Assignment: Restate the data word for word and leave the images out.

Source material:
+---+

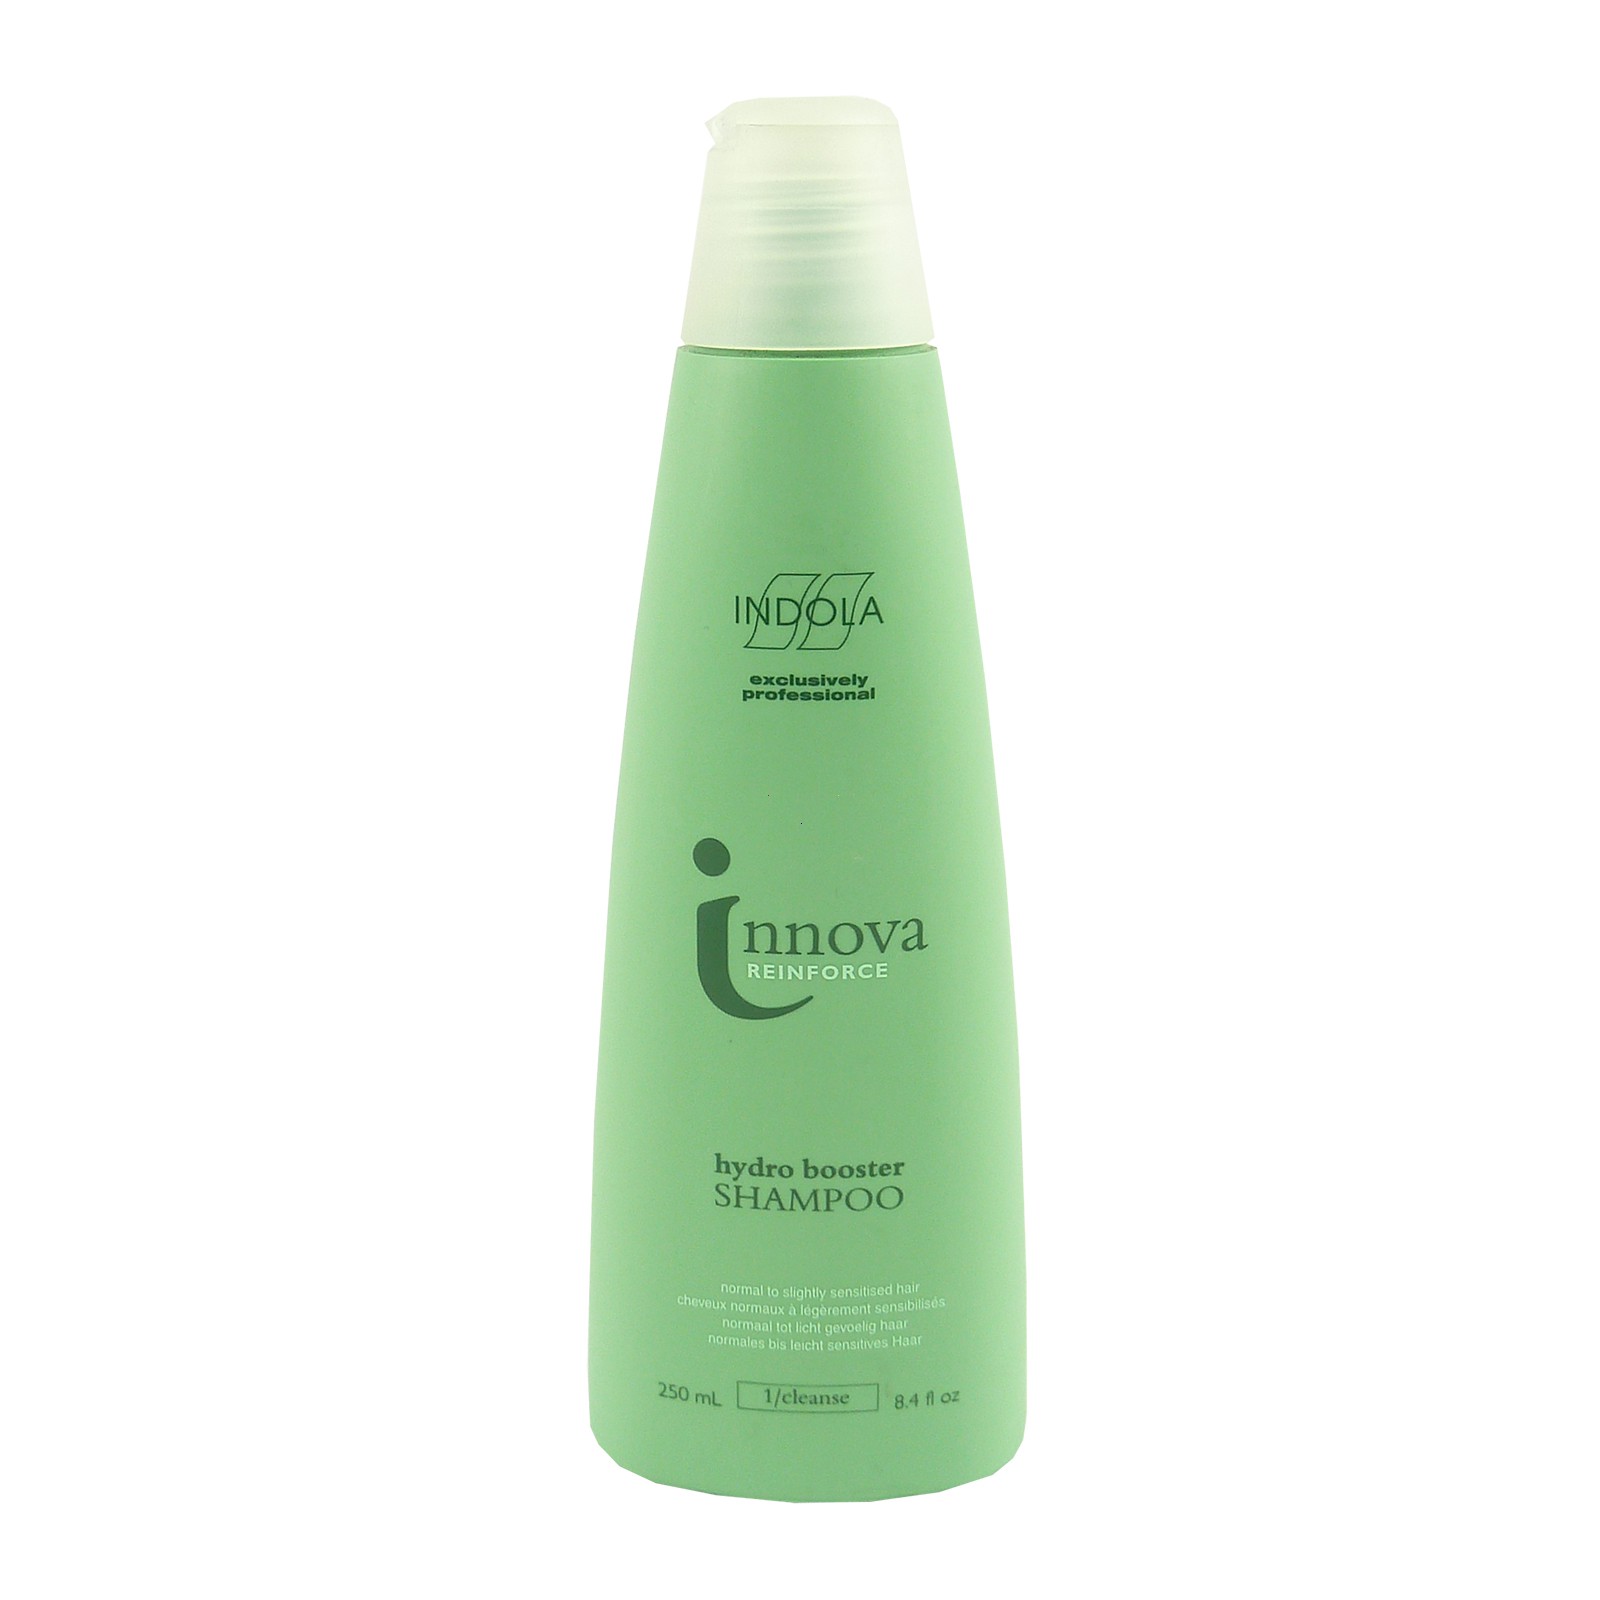 Indola - innova reinforce - hydro booster Shampoo Haar Wäsche Pflege 250ml unter Haarpflege >> Shampoos
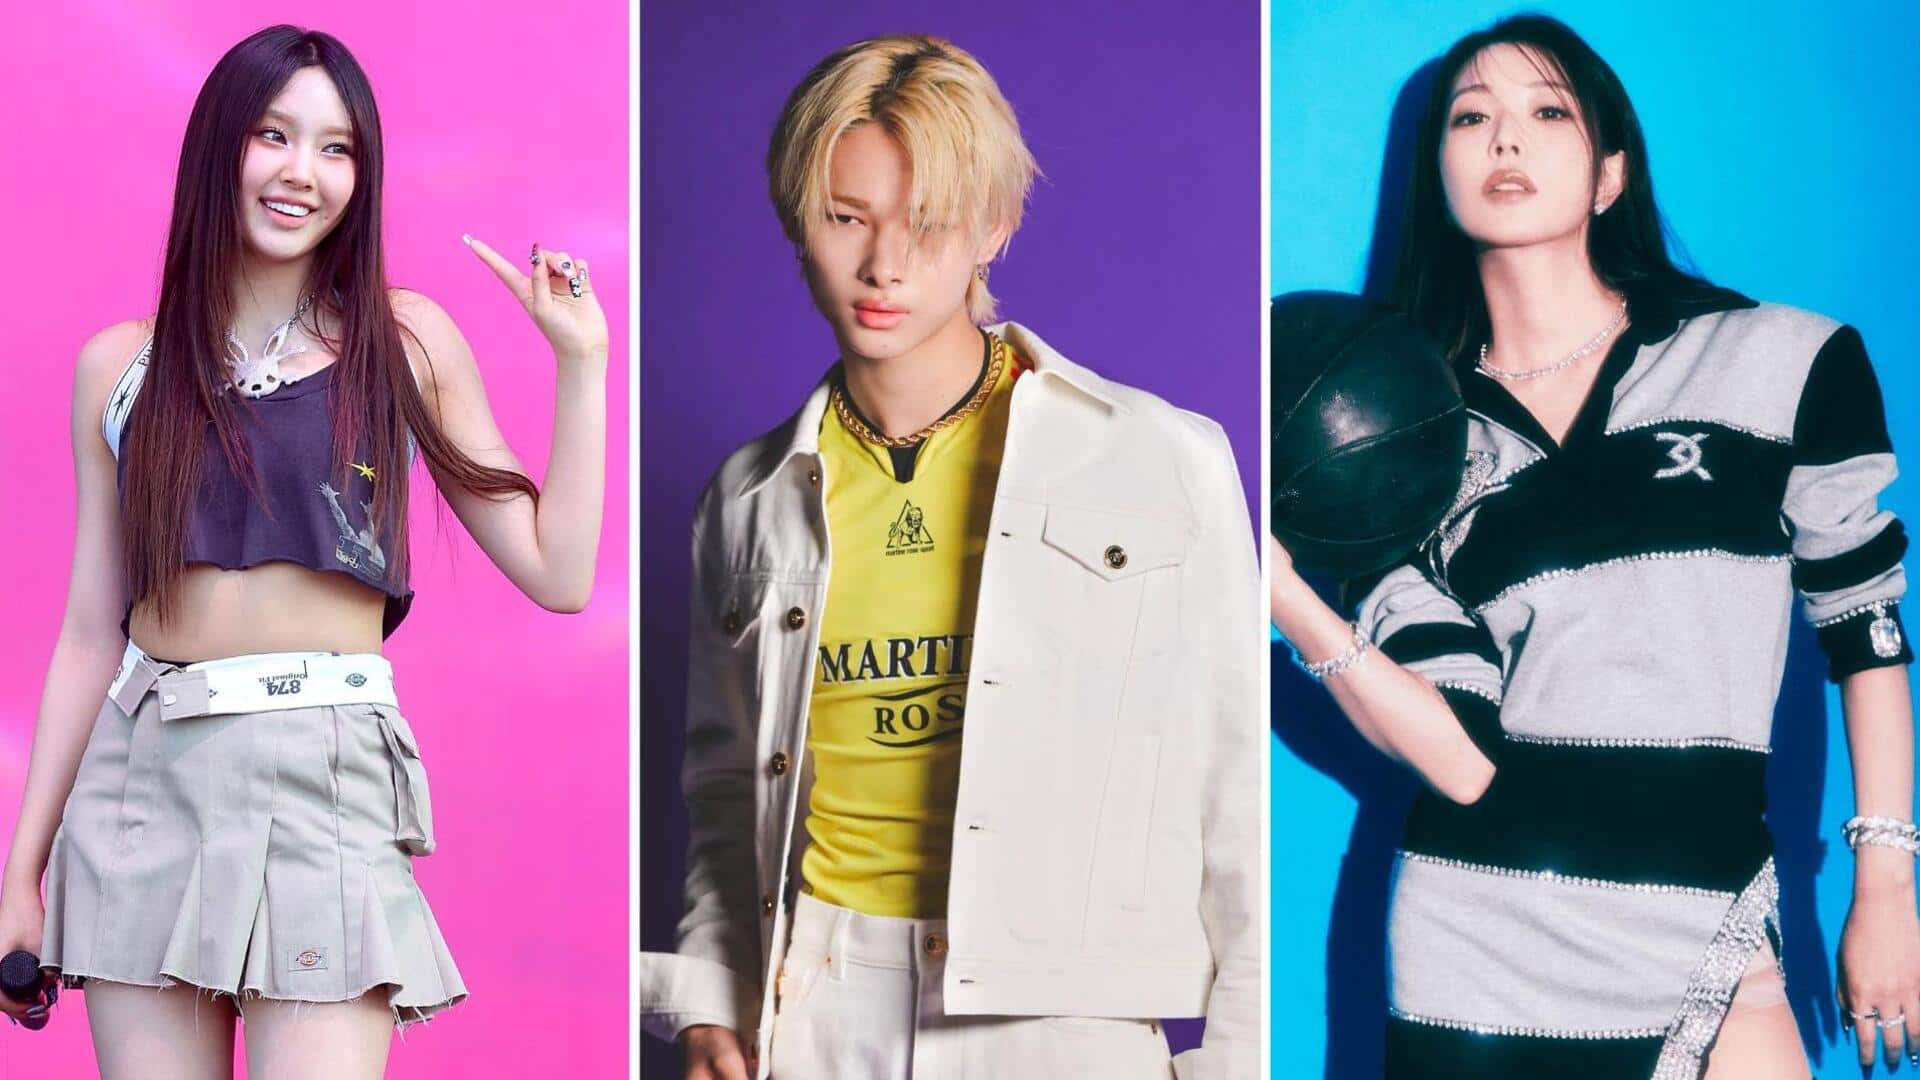 Explainer: Dark side of debuting minors in K-pop industry
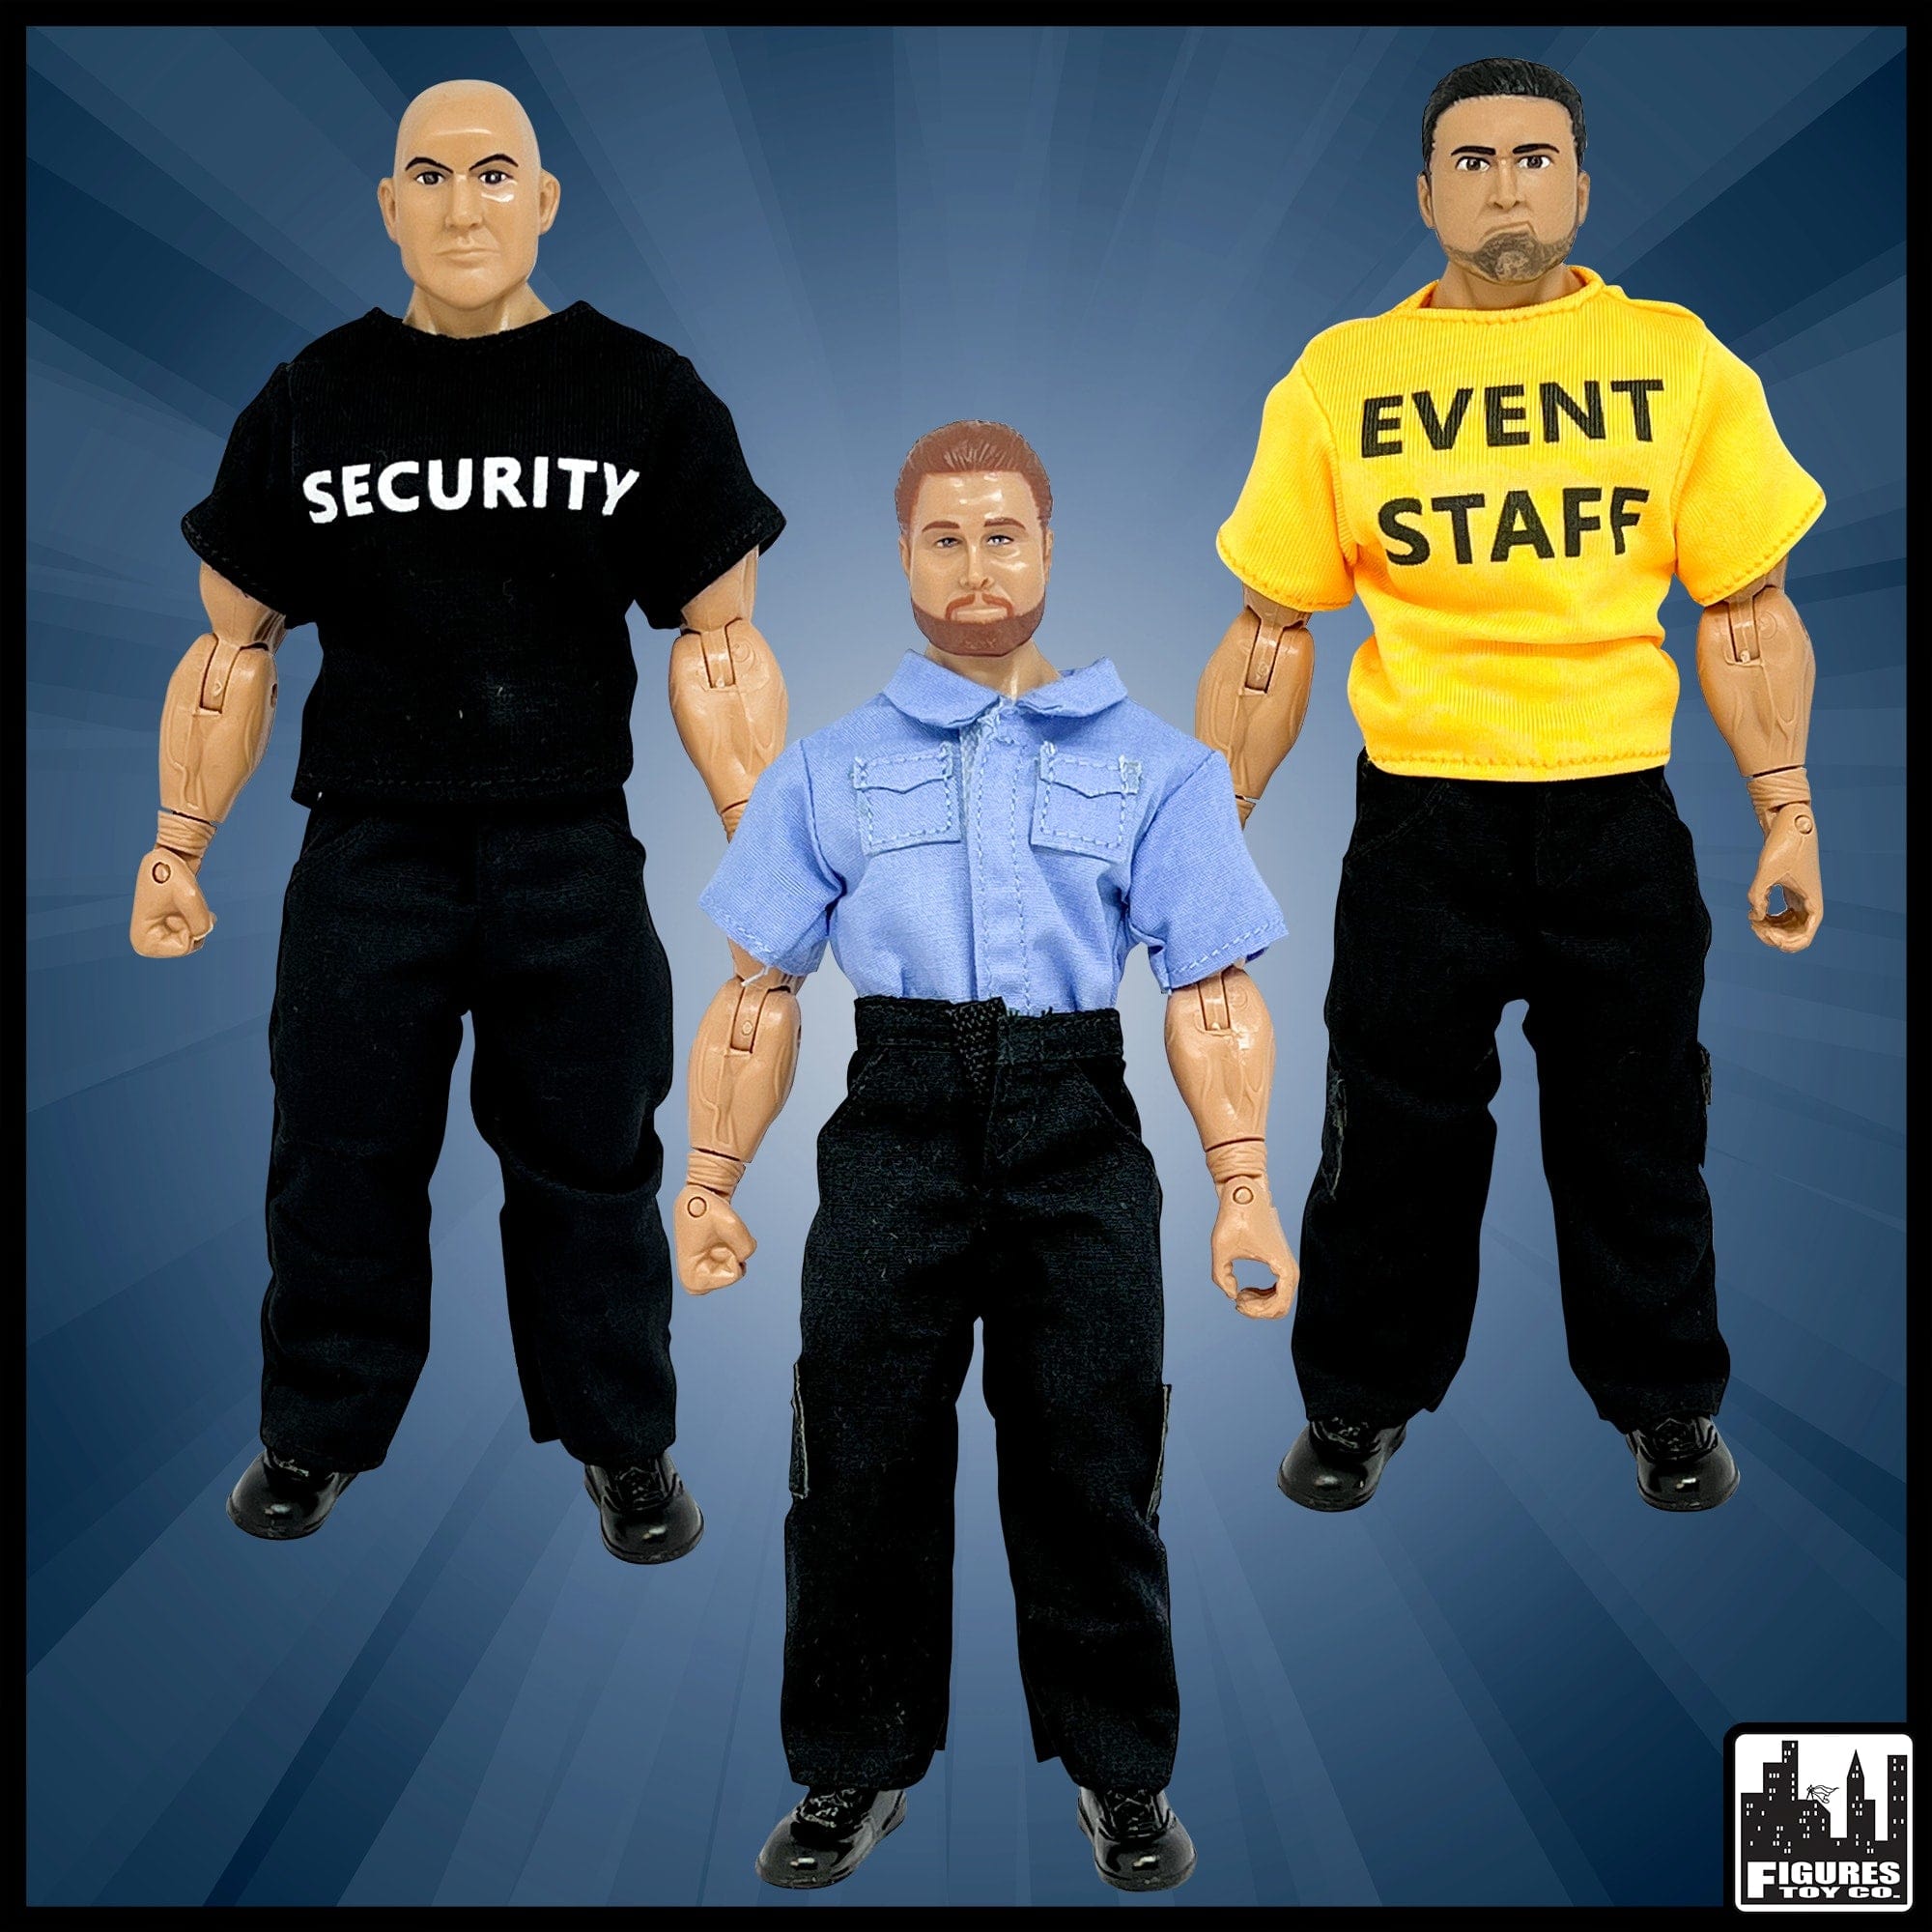 Security Guard, Event Staff Worker & EMT Action Figure for WWE Wrestling Figures

+---+

Task solution:
 Indola - innova reinforce - hydro booster Shampoo Haar Wäsche Pflege 250ml unter Haarpflege >> Shampoos
 Explainer: Dark side of debuting minors in K-pop industry
 Security Guard, Event Staff Worker & EMT Action Figure for WWE Wrestling Figures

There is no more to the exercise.